To elaborate on my answer…ever skip stones on the water? Flat ones work best, but it’s possible to skip irregular or round shapes, too. Just give them a little more oomph and don’t expect airfoil perfection.
I think the “skip off the atmosphere” idea is a simplification that confuses more than it reveals.
Remember that unlike the surface of a lake, the atmosphere doesn’t have a hard boundary.
A meteor could easily be on a path which grazes the upper atmosphere, but which doesn’t intersect the rocky part of Earth. The result would be a visible fireball but no impact with the surface.
A properly designed & controlled reentry vehicle could generate an upward force from its interaction with the upper atmosphere, and use that to increase its altitude while decreasing its speed. Coupled with a grazing trajectory and the curvature of the earth, entering & then leaving the upper atmosphere is quite doable. But “skipping” is a lousy descroption of why it happens.
A randomly shaped, randomly tumbling rock might generate some lift briefly, but not with any material net impact on the trajectory.
IOW, IMHO “skpping off the atmosphere” is an analogy, not an explanation. Don’t try to carry the analogy very far.
As applied to Apollo…
As engineer_comp_geek said so well, the descent is far from vertical. To get from 100-ish miles up to parachutes deployed at 2 or 3 miles up they travel about 1/3rd of the way around the world. In other words, ~8000 miles downrange for ~100 miles descent = 80 to 1 descent angle = ~1.5%.
Yes, it’s far from a linear descent. The lower & slower they are in the atmosphere the steeper the descent. But a lot of it happens at a pretty flat angle. Wherein the relatively small lift & cross range forces the capsule can generate are a meaningful size compared to the descent angle.
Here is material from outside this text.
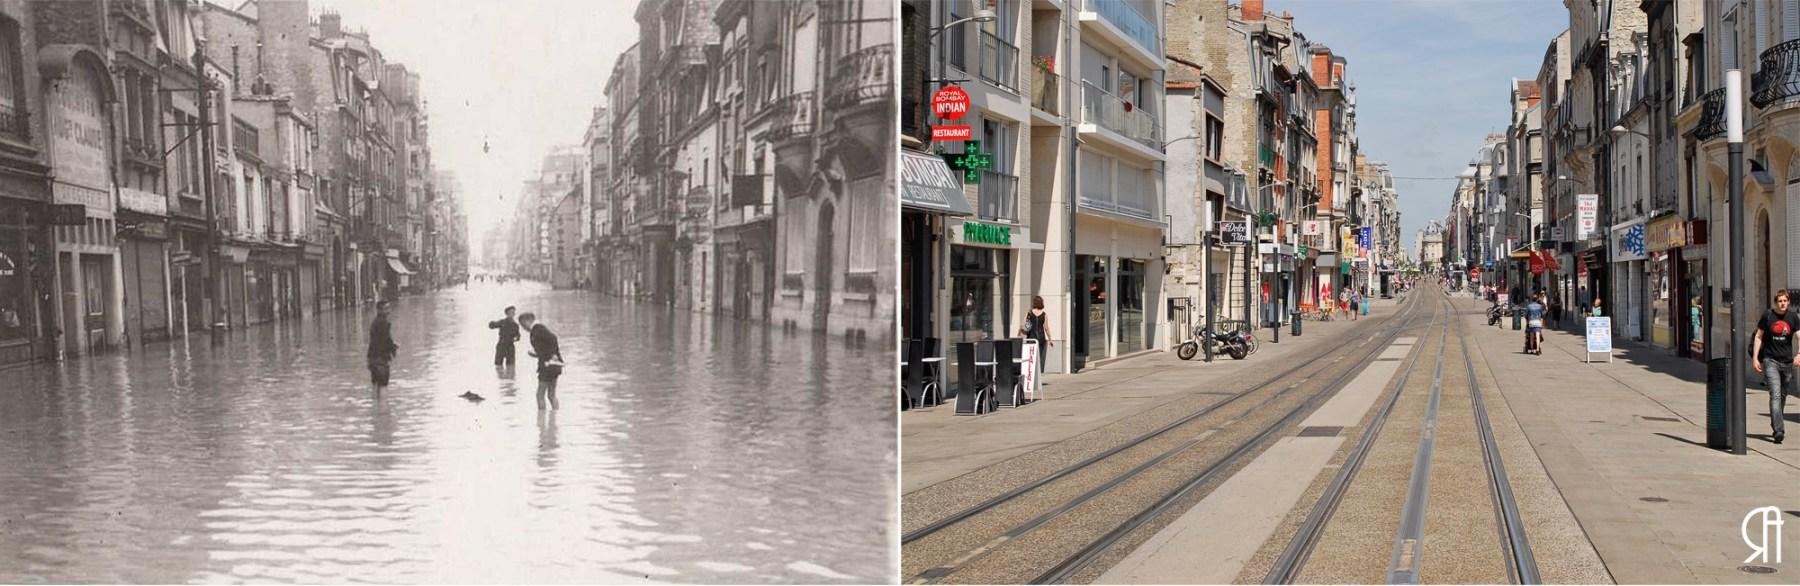 inondation-rue-Vesle

A meteor or other ballistic object produces aeroelastic resistance in the atmosphere purely by compression; that is, it compresses the air in front of it which pushes opposite of the direction of motion. As many meteors enter the atmosphere at a high velocity and rather shallow entry angle, it doesn’t take much force to push them “around” the upper atmosphere and back into space, having never lost enough energy to be captured by the Earth. It is this pressurization of air, BTW, that causes the heating (ram or compression heating) on a re-entry body, not skin friction as commonly stated.
A lifting body produces lift via differential mass flow; that is, that due to its geometric shape and aspect with respect to the direction of motion (airfoil shape and angle of attack, respectively) the difference in airflow between the top and bottom of the shape. This difference in flow causes a pressure differential that produces lift. This is actually an overly simplified description as hypersonic lifting bodies like the Apollo capsule produce lift via complex shock wave interactions, but this explanation will suffice for the discussion at hand. Lifting bodies like the HL-10, X-24, X-38, and X-43 produce lift purely by body shape (i.e. the body is its own airfoil) and has horizontal control surfaces only for mediating lift. The vertical fixed stabilizers and movable stabilators do not provide lift.
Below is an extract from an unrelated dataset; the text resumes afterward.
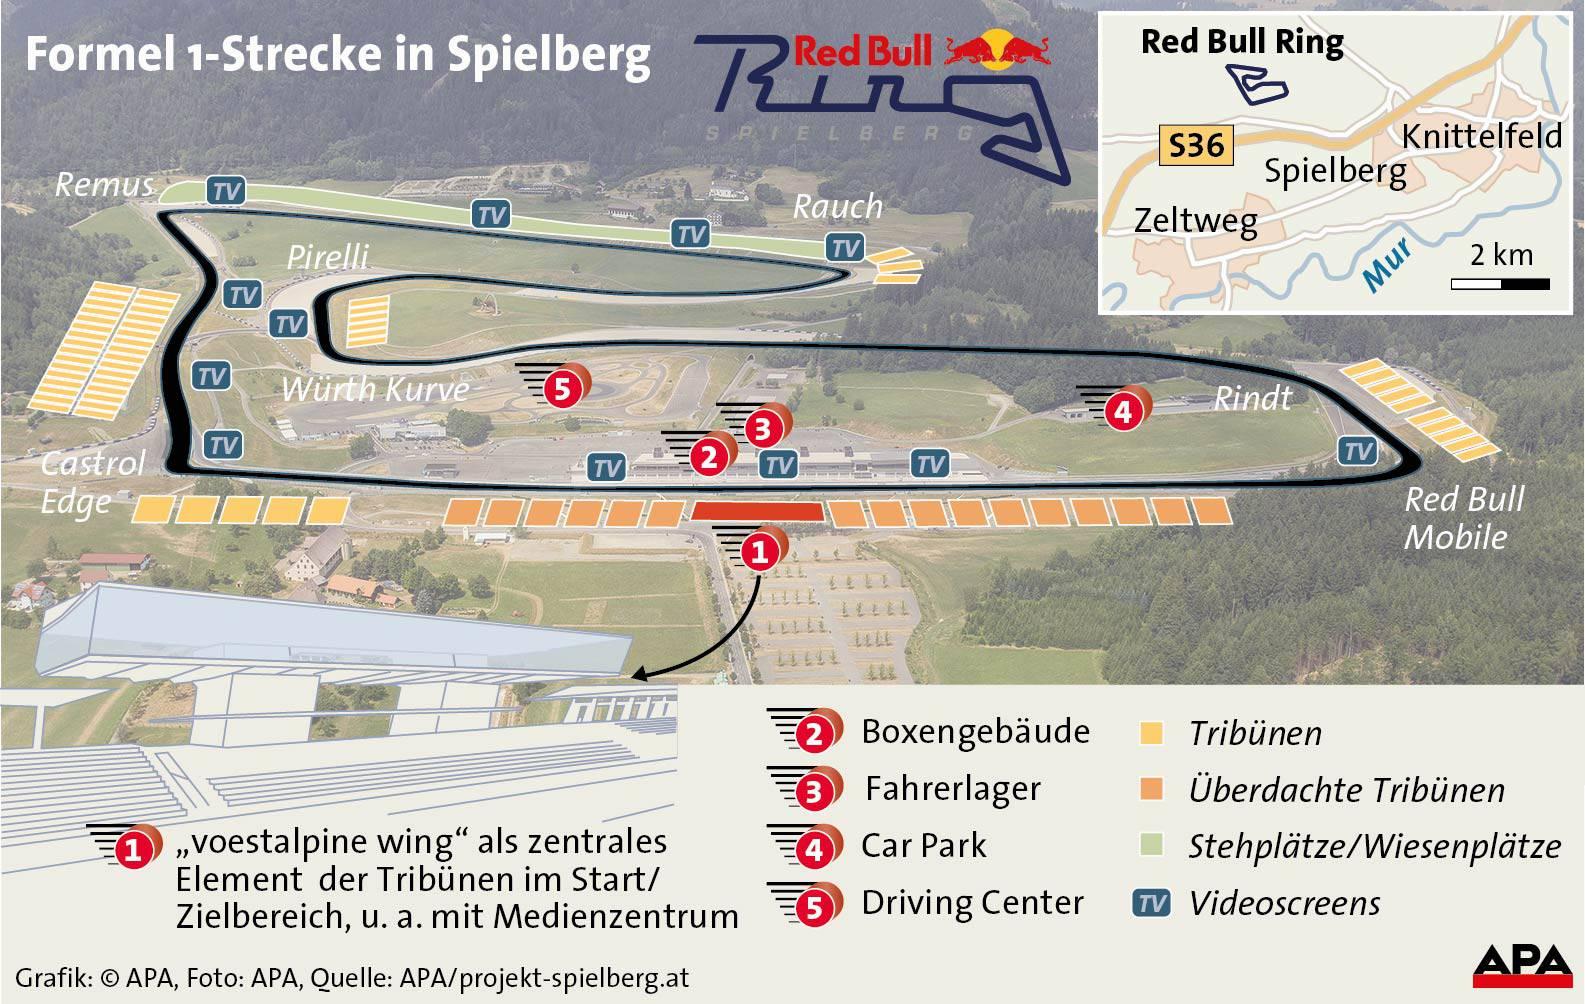 _Formel 1 Strecke in Spielbe... - APA-InfoGrafiken - 17.06.14 - 12.08 - AGD0005 - High-Res

A delta wing body like the STS Shuttle Orbiter Vehicle (OV) produces lift via a large wing surface, which is necessary to obtain lift at transonic and subsonic speeds to permit it to land in a controlled fashion at subsonic speed. (Lifting bodies like the HL-10 come down much faster and require greater drag retardation or rollout distance than the Shuttle.) This also creates long leading edges which heat considerably during re-entry, necessitating the temperature-resistant but fragile reinforced carbon-carbon thermal protection at the leading edges. There are also hybrids like the X-37 which is primarily a lifting body but also has a small delta wing structure for a modest amount of lift and enhanced cross-range at low supersonic and subsonic speeds.
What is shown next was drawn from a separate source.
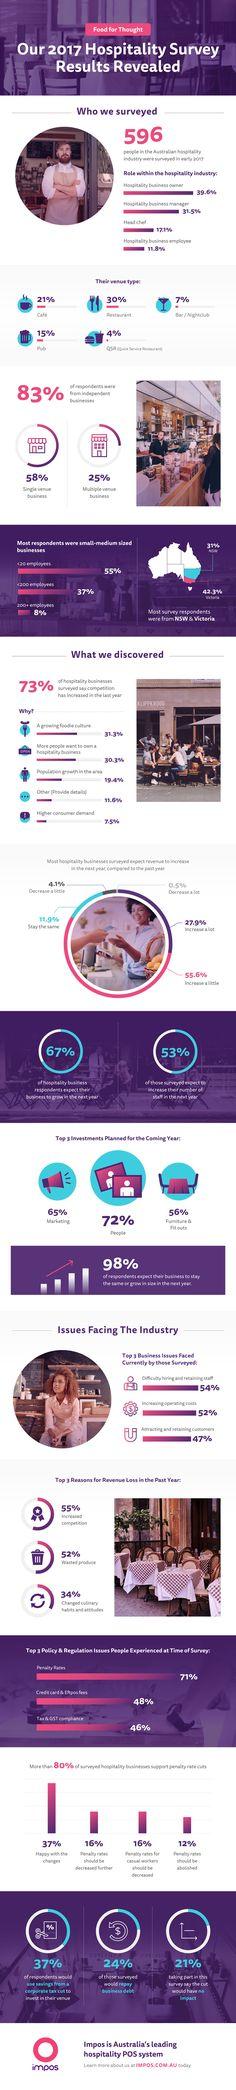 Australian Hospitality Industry Survey Stats Revealed

The ablative shielding used on the Apollo CM was compact, but still fairy heavy, and would have been prohibitive from both a overall payload weight standpoint and mass distribution. (It isn’t just a single dumb piece but actually a couple of layers of aluminum honeycomb and a high temperature plenum onto which the ablative material was laid up.) The use of RCC panels on the leading edges and thermal tiles and blankets on the underside (which are actually glued to a felt liner that is basically stapled to the wind structure) was the only realistic passive thermal protection available then or now, although active cooling systems that would pump coolant through the edges to carry away heat or create a thin film layer to protect wing structure have been proposed.
It is also worth nothing that the different shapes of the vehicles play a large roll in controlling heating. The blunt-arsed CM creates a large shockwave that stands off up to several inches away from the heat shield and serves both to push airflow around the outer mold line of the capsule (preventing convective heat transfer) and provide a thick thermal mass of entrapped air (forming a radiative boundary). Heating to the shield is actually primarily radiation on the near side of that boundary, and can actually be accurately modeled and controlled. On the Shuttle OV, however, the “sharp” leading edges form shockwaves that stand very close to the wing fronts and become much hotter; the residual heated air is then distributed under the wing instead of being pushed completely away as with the Apollo CM. By virtue of having the large wing surface for horizontal landing the Shuttle OV requires far more elaborate thermal protection.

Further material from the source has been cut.